To make matters even more insulting, it was difficult to ensure the data connection was shut down after canceling. I still have no guarantee OnStar did what they were supposed to. I had to request the data connection be shut down repeatedly, after the OnStar rep attempted to leave it on and ignore my requests.
When will our congress pass legislation that stops the American people’s privacy from being raped by large data warehousing interests? Companies like OnStar, Google, Apple, and the other large abusive data warehousing companies desperately need to be investigated.
These terms don’t go into effect until December 2011, and it takes up to 10 days to have the account fully cancel, and another 14 days for the data connection to be shut down… so if you want to get out of these new terms and conditions, you’ll need to do it soon.
Since writing this article, OnStar has reportedly told a few individuals that the contract requires them to obtain the customer’s consent in order to provide this information to anyone. Not true. In fact, the only mention of the word consent in their updated T&C is below:
We will comply with all laws regarding notifying you and obtaining your consent before we collect, use or share information about you or your Vehicle in any other way than has been described in this privacy statement.

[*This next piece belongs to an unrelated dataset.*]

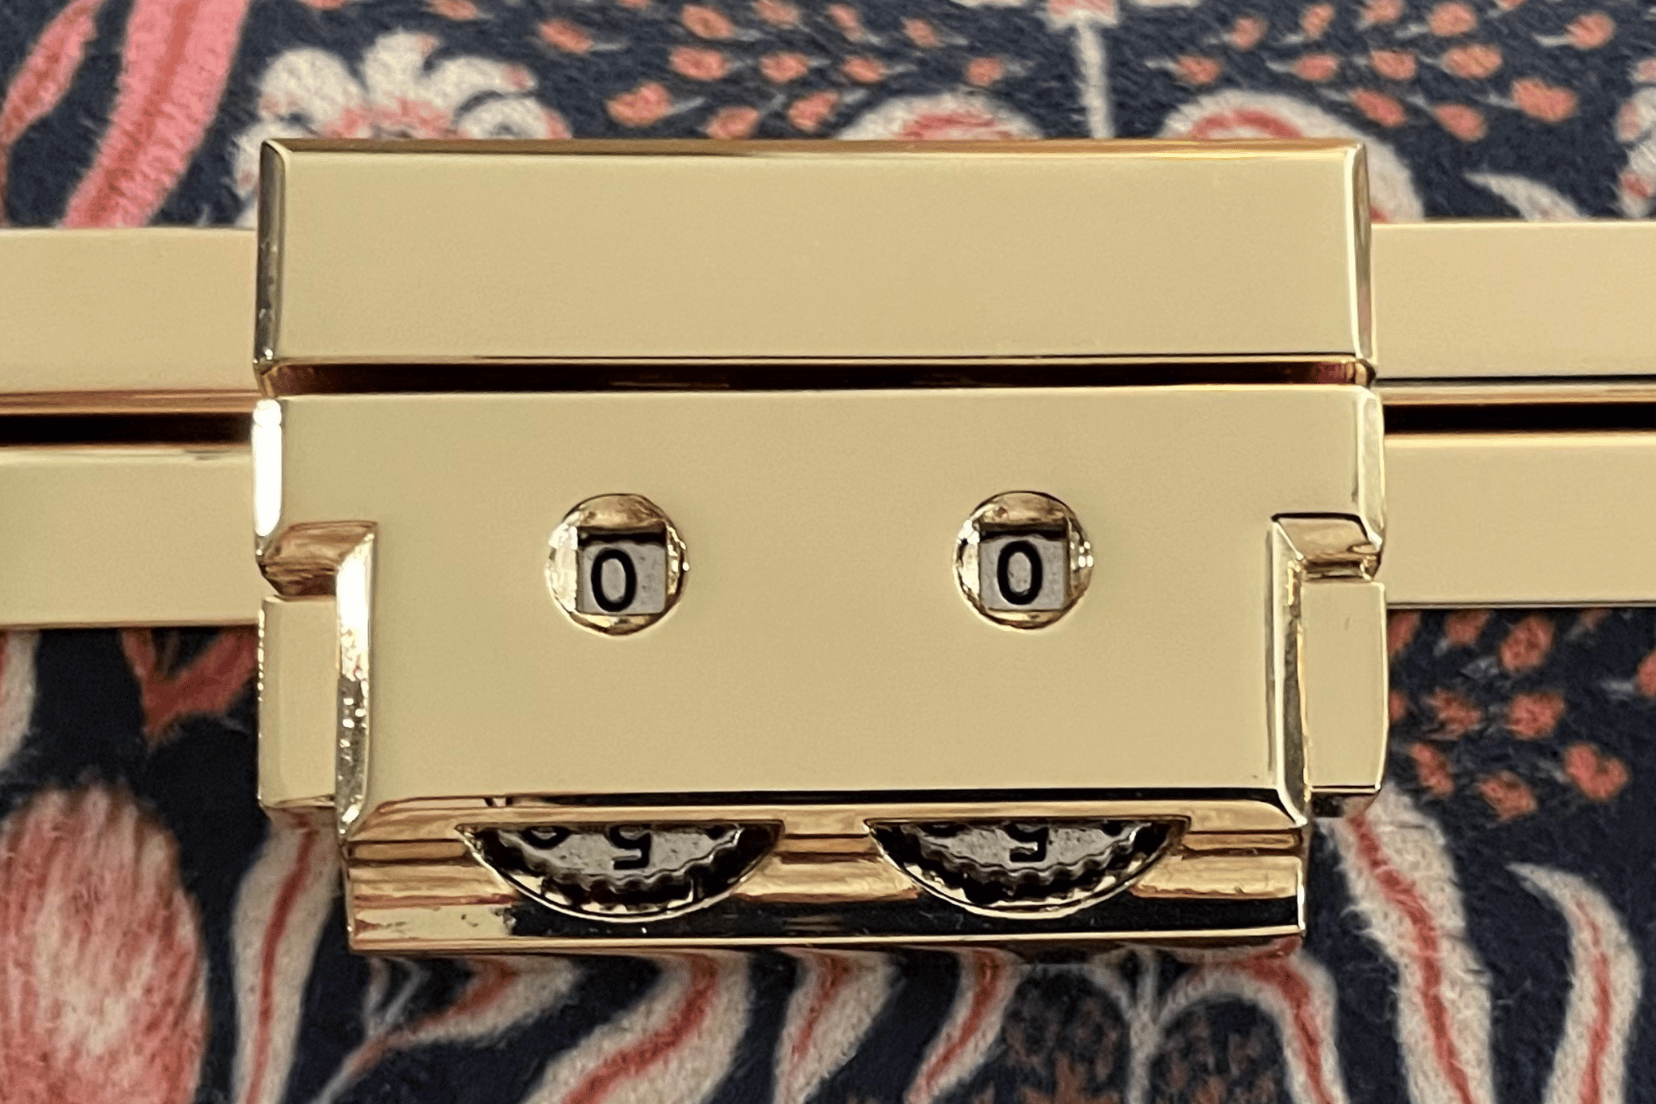 Gold plated dial locks allow you to set the code to your lovely lockbox.

Two points to make: first, this clause only applies to collecting and sharing information in any way that is not described in the privacy statement. All of the nefarious uses for your personal data are, quite clearly, described in the privacy statement, and so no consent would be required. Secondly, this paragraph makes it clear that they will only comply with all laws requiring consent, not that they will actually obtain your consent. I’m not a lawyer, but as far as I know, there are no such laws on the books in most (if not all) states that protect the consumer from having their private information shared or sold to third parties, especially when such sharing is disclosed in a contract. In other words, the above paragraph seems to do nothing to require OnStar to obtain your consent to do any of this – and it’s my firm belief that OnStar’s only real interest is in OnStar. If you doubt this, the older version of the terms and conditions had two more consent clauses that are no longer part of the new terms and conditions. The old consent clause is now removed:
In General, we do not share your personal information with third-party marketers, unless we have asked for and obtained your explicit consent.

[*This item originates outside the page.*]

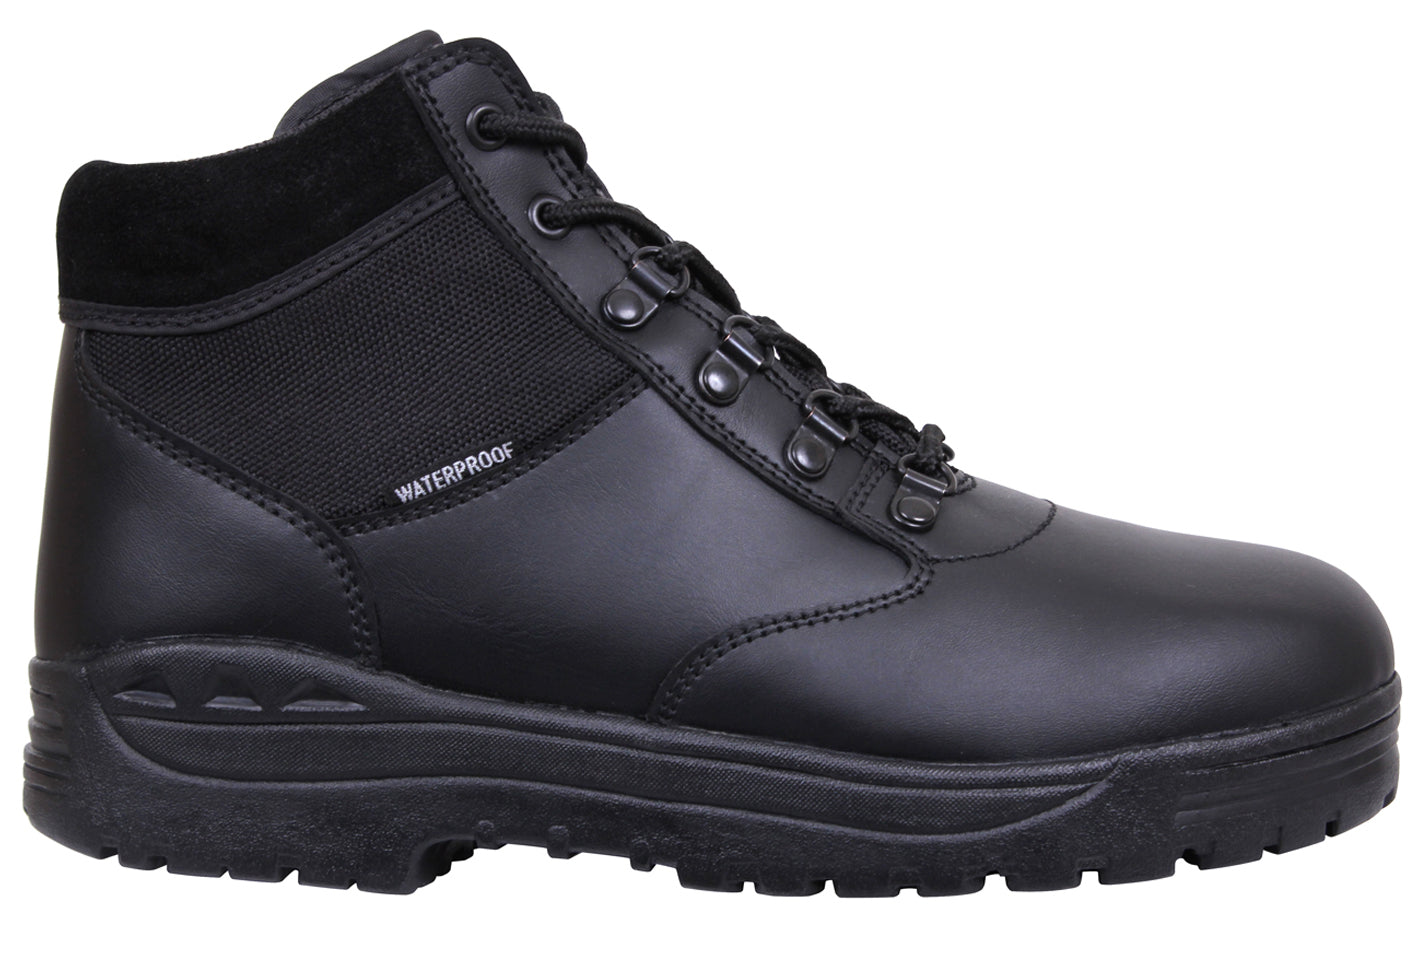 Mens Black GI Style Forced Entry Waterproof Tactical Boots by Rothco

Of course, we will notify you, and where required, ask for your prior consent if our collection, use, or disclosure of your personal information materially changes.
While I am in no way suggesting OnStar is evil, or would be evil, with this information, lawyers were paid to develop the verbiage that comprised significant enough changes to their privacy statement to issue a new one. As one poster said in a discussion, you don’t create a weapon you don’t intend to use. If OnStar’s verbal claims to the contrary are true, the best thing the company can do for themselves is to reflect these verbal intentions in a less empowering version of their T&C.